OUR COMPANY

[Instructions: add the name of your team's company and/or product here]

LAB 6 WRITE-UP

Computer-Aided Design

TinkerCAD

TinkerCAD is an easy tool used to create digital designs that can be 3D printed into physical objects. TinkerCAD is specifically a program that allows modeling to form or refurbish a variety of products. During the previous lab, we used TinkerCAD to improve the construction of test tubes through design techniques. During the lab, we were given PCR tubes that needed minor adjustments, which could be accurately designed through TinkerCAD. One change that our group thought to make to the PCR machine was to add more holes, or places, for the test tubes in the tray under the heating pad. By doing so, there will be more accuracy in placing the test tubes perfectly in the given compartment. Also, we made the shapes of the lids into rectangles rather than circles to properly close the lids once the process was completed. We changed the layout of the test tubes by changing the shape of the lid into rectangles, which would ultimately allow for better usage of the test tubes. This would ensure for an easier and faster method to finishing up the test tube process. By adding in rectangle lids, it will cap easier and will ensure the tips to be in place when placing them inside rather than moving around too much. Also, by squaring the lids, it would ultimately allow for more space to add labels on top of the lids. By doing so, it would be much easier to know which tube is which immediately upon looking at it.

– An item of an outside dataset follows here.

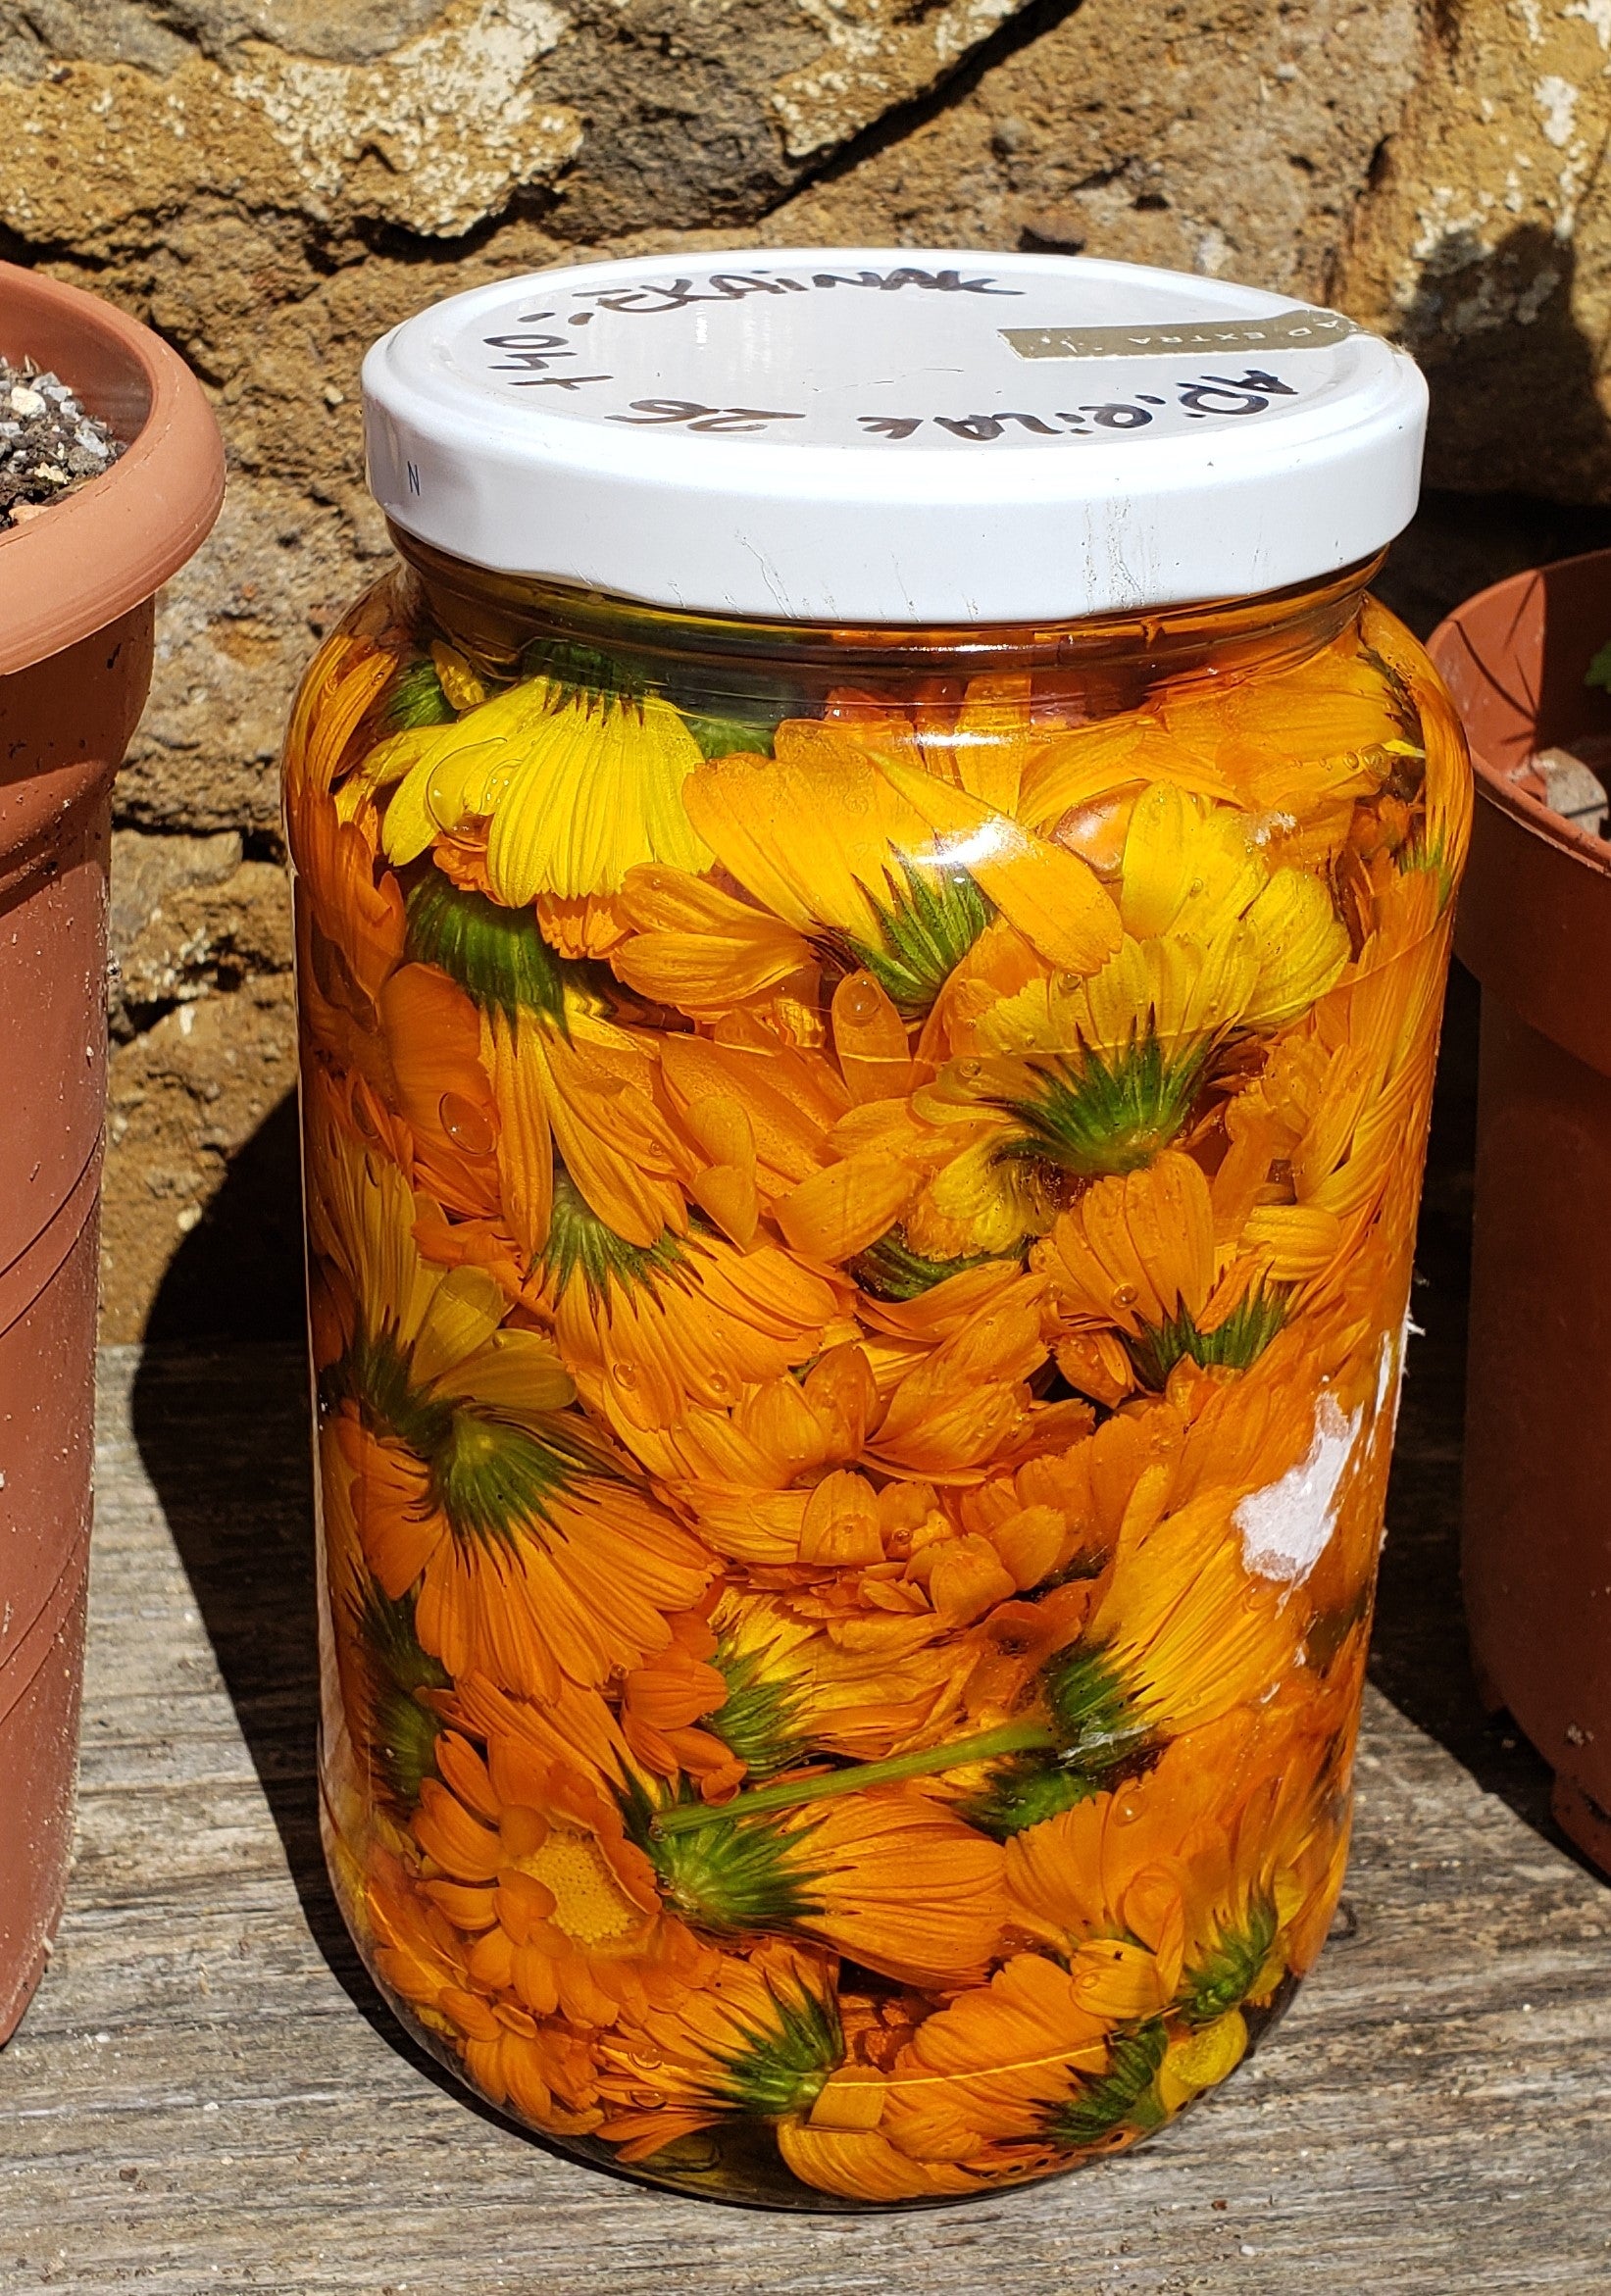 Bote de cristal de 500 ml, expuesto al sol, relleno de flores  de color naranja intenso de caléndula macerando en aceite de oliva virgen extra

Implications of Using TinkerCAD for Design

TinkerCAD is an excellent tool for redesigning something like the PCR machine because it becomes very easy too start with design for the PCR machine and in TinkerCAD one can easily manipulate this design by changing the size, orientation, or completely adding something. For example, one change that our group thought to make to the PCR machine was to add more holes, or places, for the test tubes in the tray under the heating pad. By doing so, there will be more accuracy in placing the test tubes perfectly in the given compartment. We could easily illustrate this change through TinkerCAD by adding in more spaces between the test tubes, along with adding more holes between the test tubes to demonstrate the change that we want implemented. Also, we added in rectangular caps rather than circular ones to allow for easier finishing of the PCR process. This could be shown through TinkerCAD by using the shapes tool to add rectangles into the area of the lids, which clearly shows what we mean to portray. Using TinkerCAD is a very easy way when trying to add more of these rows of holes into the design specs.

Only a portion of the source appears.